At the Black Hat Asia 2023 cyber security conference, to be held in Singapore from May 11th to 12th, everyone will be talking about the security, privacy, and intellectual property implications of artificial intelligence (AI) developed software. Some organisations will be considering writing policies, some companies have simply banned ChatGPT on their networks and others will be blissfully unaware of the security and licensing implications of it’s use.
It’s simply too late. The genie is out of the bottle and your software developers are already using it! And why not, artificial intelligence (AI) large language model (LLM) tools can write software code in seconds, saving what would take a human-being hours, if not days.

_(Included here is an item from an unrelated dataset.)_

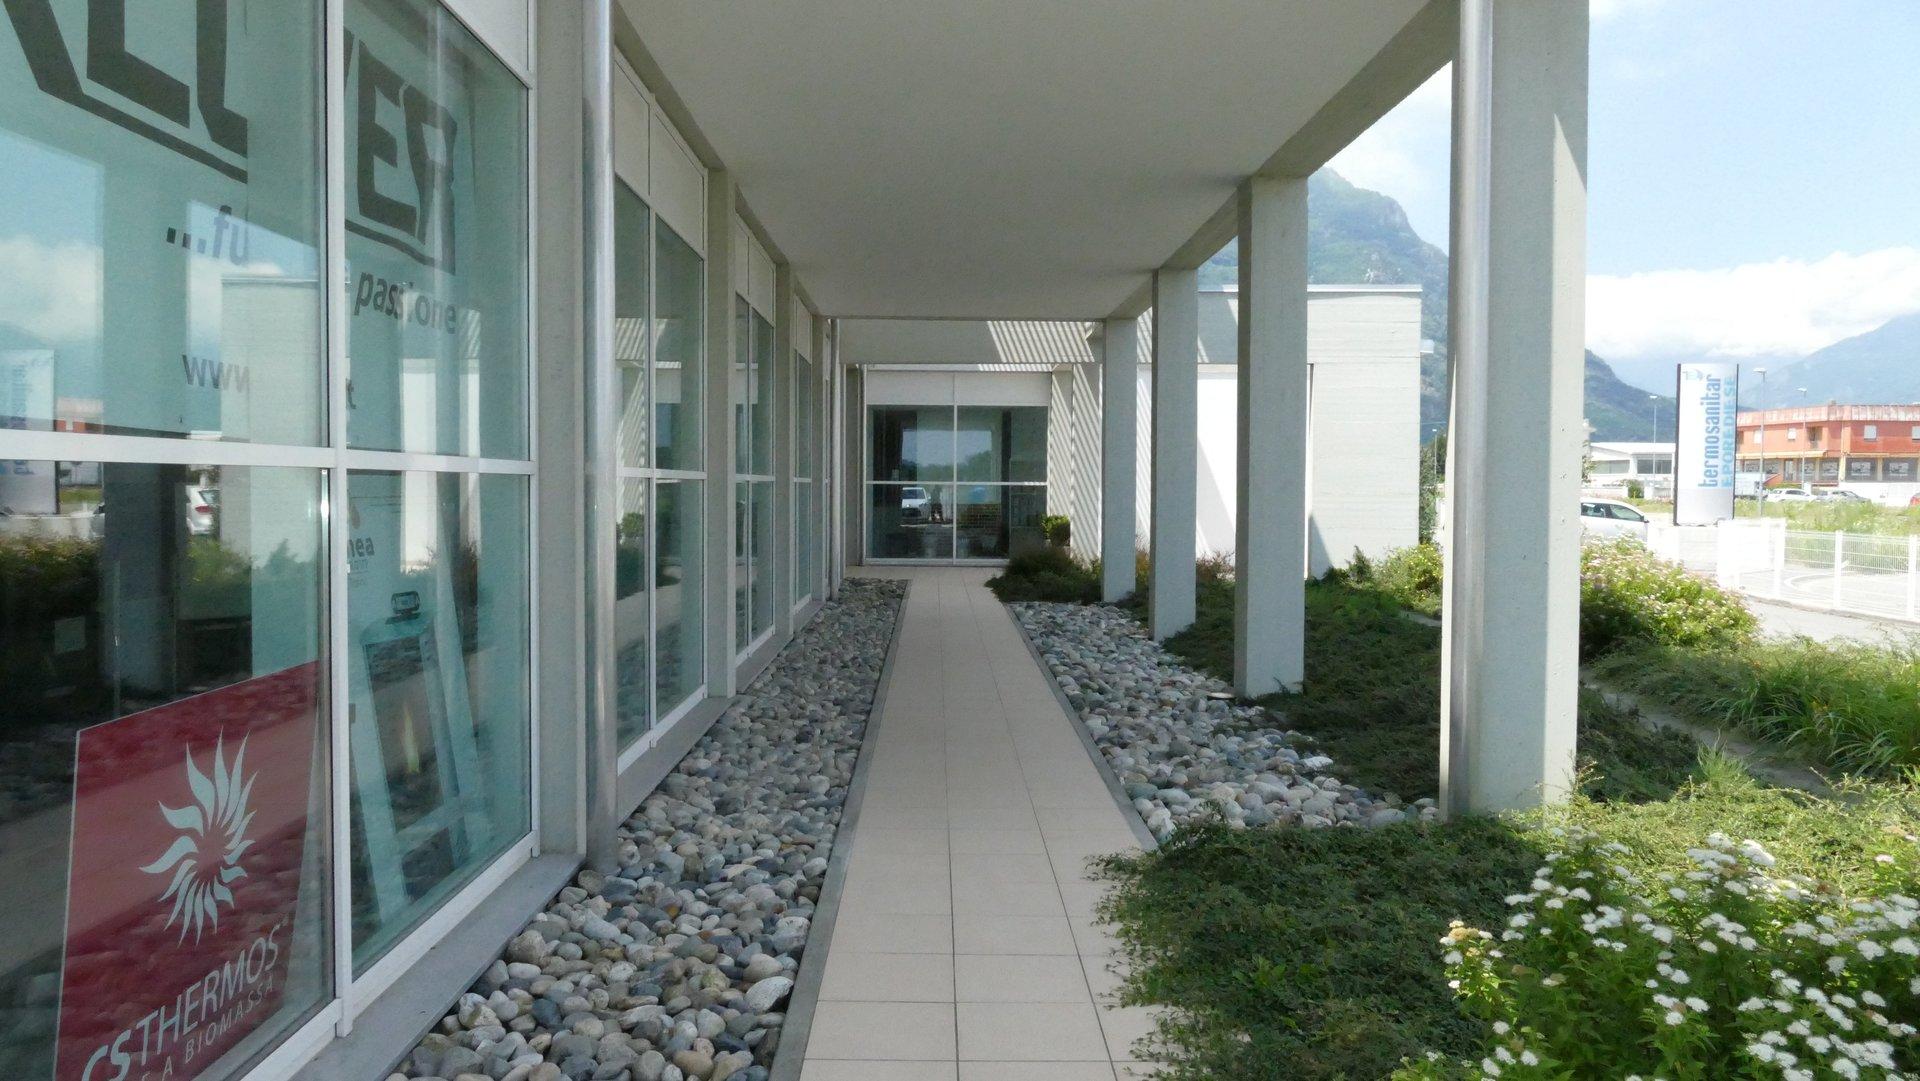 corridoio esterno di una ditta

Using AI for software development could pose problems
The important thing to know is that, by their nature, all large language model tools have been trained using Open-Source repositories and data-sets. Therefore, if your developers have used any artificial intelligence to help them speed up their jobs, then there will be Open Source components or sub-components (Snippets) in your organisation’s software.
Basically, an AI tool will recommend a code snippet to implement a common function and that snippet is, in turn, likely to be replicated and become commonly used in your firm. If a vulnerability is discovered in that snippet, then it becomes essentially a systemic risk throughout many firms. Thus, introducing the potential to scale vulnerable code far and wide.
One of the most crucial steps firms should take to keep safe, is automatically maintaining a Software Bill of Materials that also understands and tracks Open-Source snippets, like Synopsys’ Black Duck Software Composition Analysis (SCA) tech. Another consideration relating to AI-generated code, is the output often lacks important licensing information.
At Synopsys, a group of our researchers recently explored the quality of code written by GitHub’s generative artificial intelligence development tool Copilot (created in partnership with OpenAI). The result? The output that Copilot yielded didn’t catch any open -source licensing conflicts and only limited vulnerability information. Failing to comply with open-source licenses could ultimately be very costly to an organisation – depending on the license requirements.
One of the most famous referencing points of a costly compliance snag is Cisco, which failed to comply with requirements of GNU’s General Public License, under which its Linux routers and other open source software programs were distributed. After the Free Software Foundation brought a lawsuit, Cisco was forced to make that source code public. The amount of money it cost Cisco was never disclosed, but experts say it was substantial.
AI tool vendors do acknowledge that these tools are only as strong as the dataset they have been trained on. And this is good news for developers looking for job security. Whereas AI tools can certainly assist developers, they are not going to replace their role just yet.
But they can support developers when carrying out tasks like troubleshooting a stack trace or repetitive task automation or writing a unit test. But human oversight, supported by automatically generated Software Bill of Materials, remains a necessity to avoid breaching license terms, as just one example. At the end of the day, the point is that artificial intelligence-generated code requires equal testing scrutiny as code generated by a human.
To take this one level further, this means a full suite of automated testing tools for static and dynamic analysis, software composition analysis (identify vulnerabilities and licensing conflicts in open-source code) along with penetration testing before code goes into production.
Phillip Ivancic is the Head of Solutions Strategy for APAC at Synopsys.